>>>

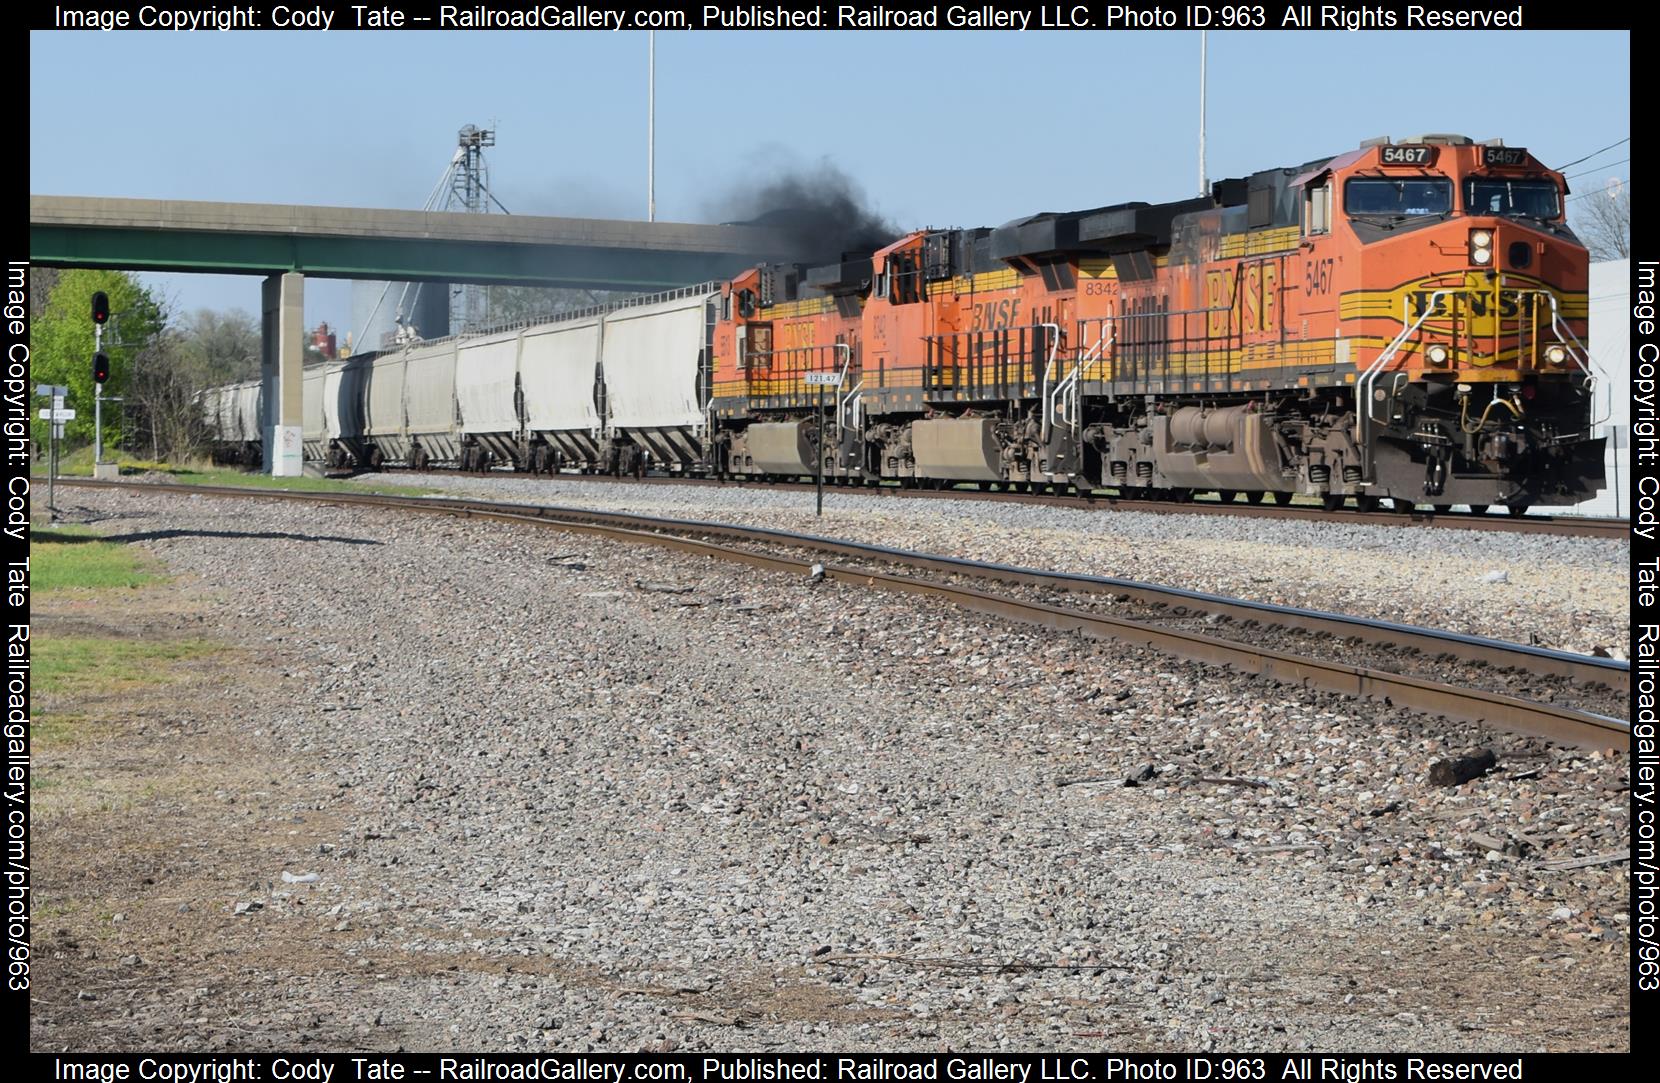 BNSF 5467 is a class C44-9W and  is pictured in Centralia, Illinois, USA.  This was taken along the Centralia subdivision  on the BNSF Railway. Photo Copyright: Cody  Tate uploaded to Railroad Gallery on 04/15/2023. This photograph of BNSF 5467 was taken on Saturday, April 15, 2023. All Rights Reserved. 
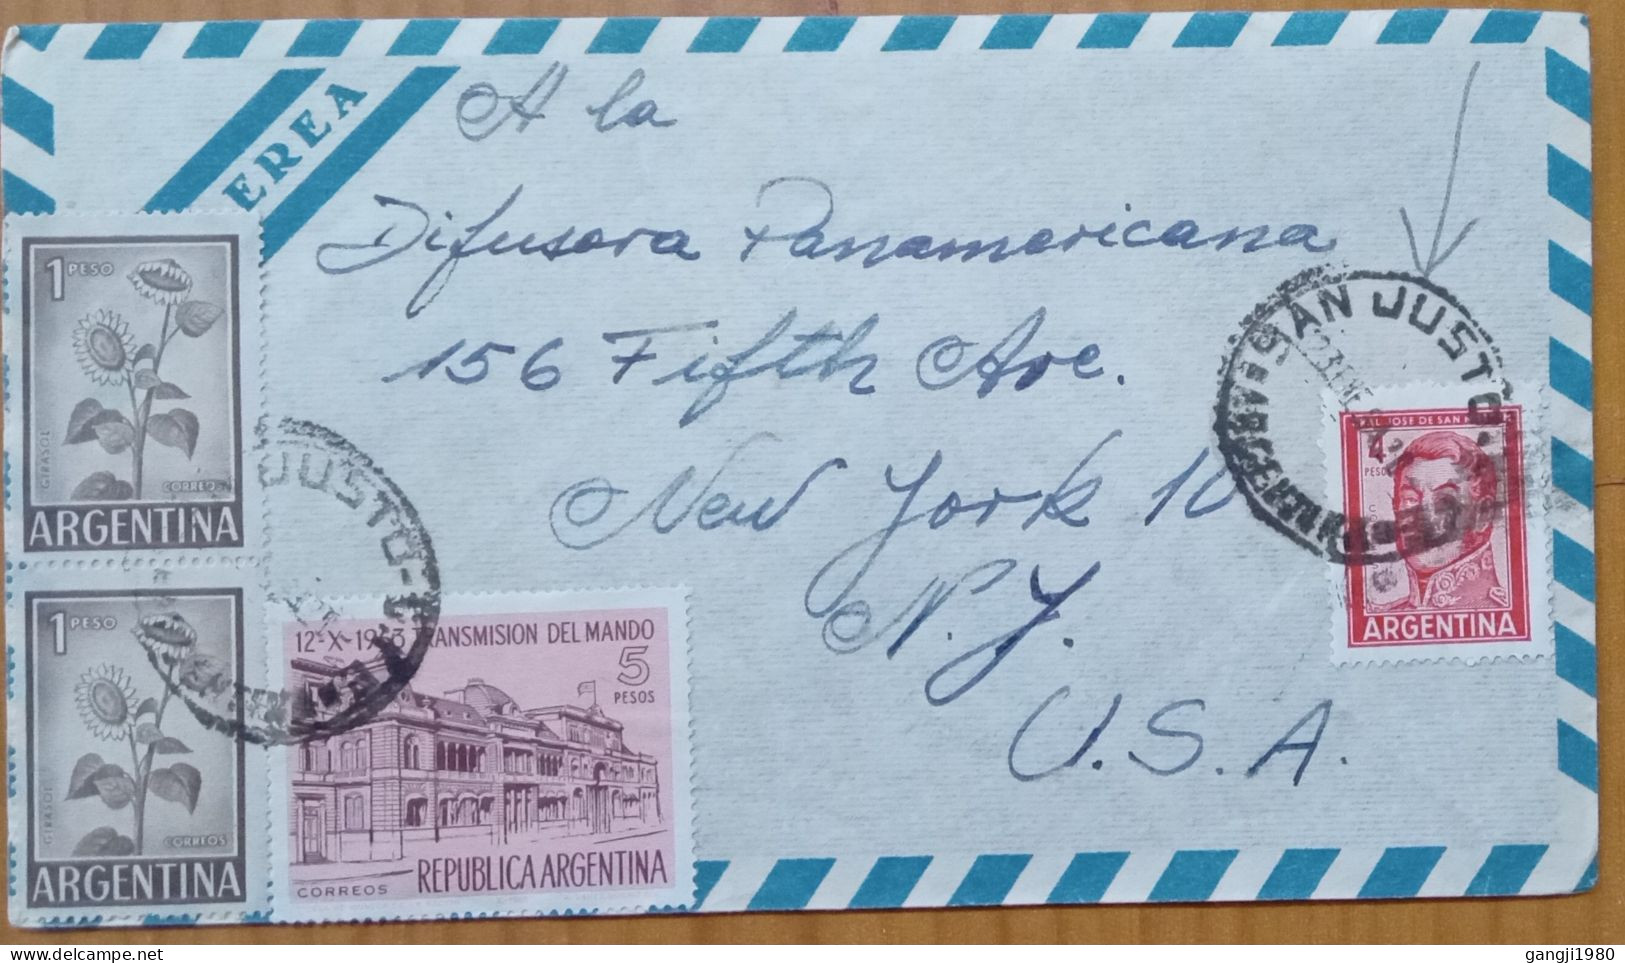 ARGENTINA 1964, COVER USED TO USA, 4 STAMP, SAN MARTIN,1963 GOVT. HOUSE BUILDING, SUNFLOWER PLANT, SAN JUSTO CITY CANCEL - Covers & Documents
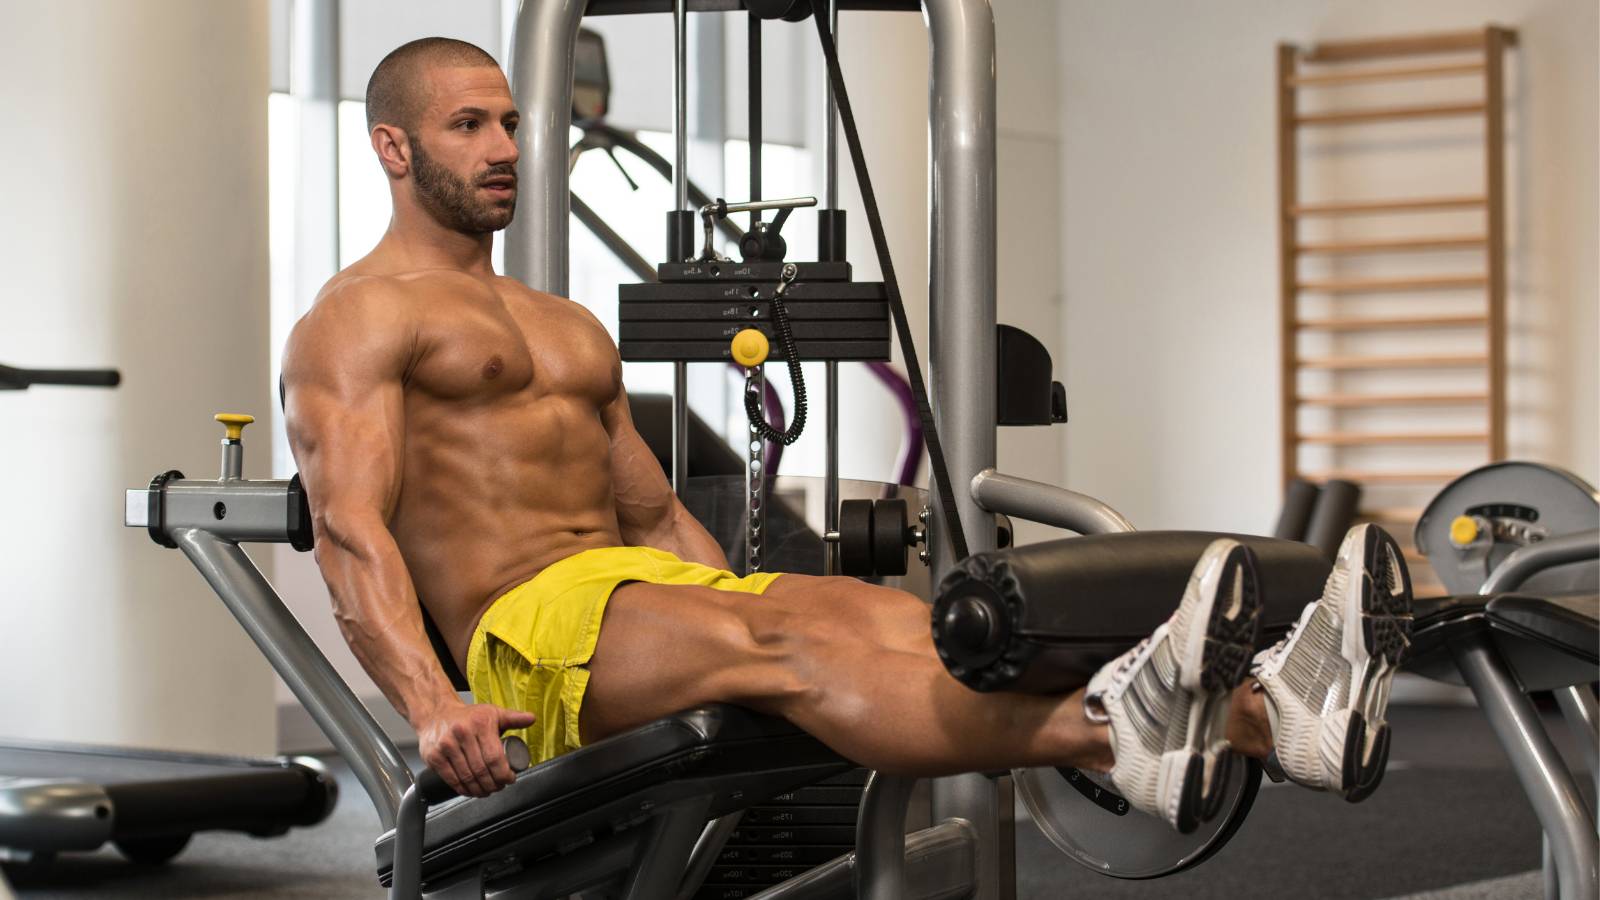 Leg Extensions: Dangerous for your knees or great rehab exercise?

<<<

Write every line above again exactly, but leave the pictures out.

 BNSF 5467 is a class C44-9W and  is pictured in Centralia, Illinois, USA.  This was taken along the Centralia subdivision  on the BNSF Railway. Photo Copyright: Cody  Tate uploaded to Railroad Gallery on 04/15/2023. This photograph of BNSF 5467 was taken on Saturday, April 15, 2023. All Rights Reserved. 
 ARGENTINA 1964, COVER USED TO USA, 4 STAMP, SAN MARTIN,1963 GOVT. HOUSE BUILDING, SUNFLOWER PLANT, SAN JUSTO CITY CANCEL - Covers & Documents
 Leg Extensions: Dangerous for your knees or great rehab exercise?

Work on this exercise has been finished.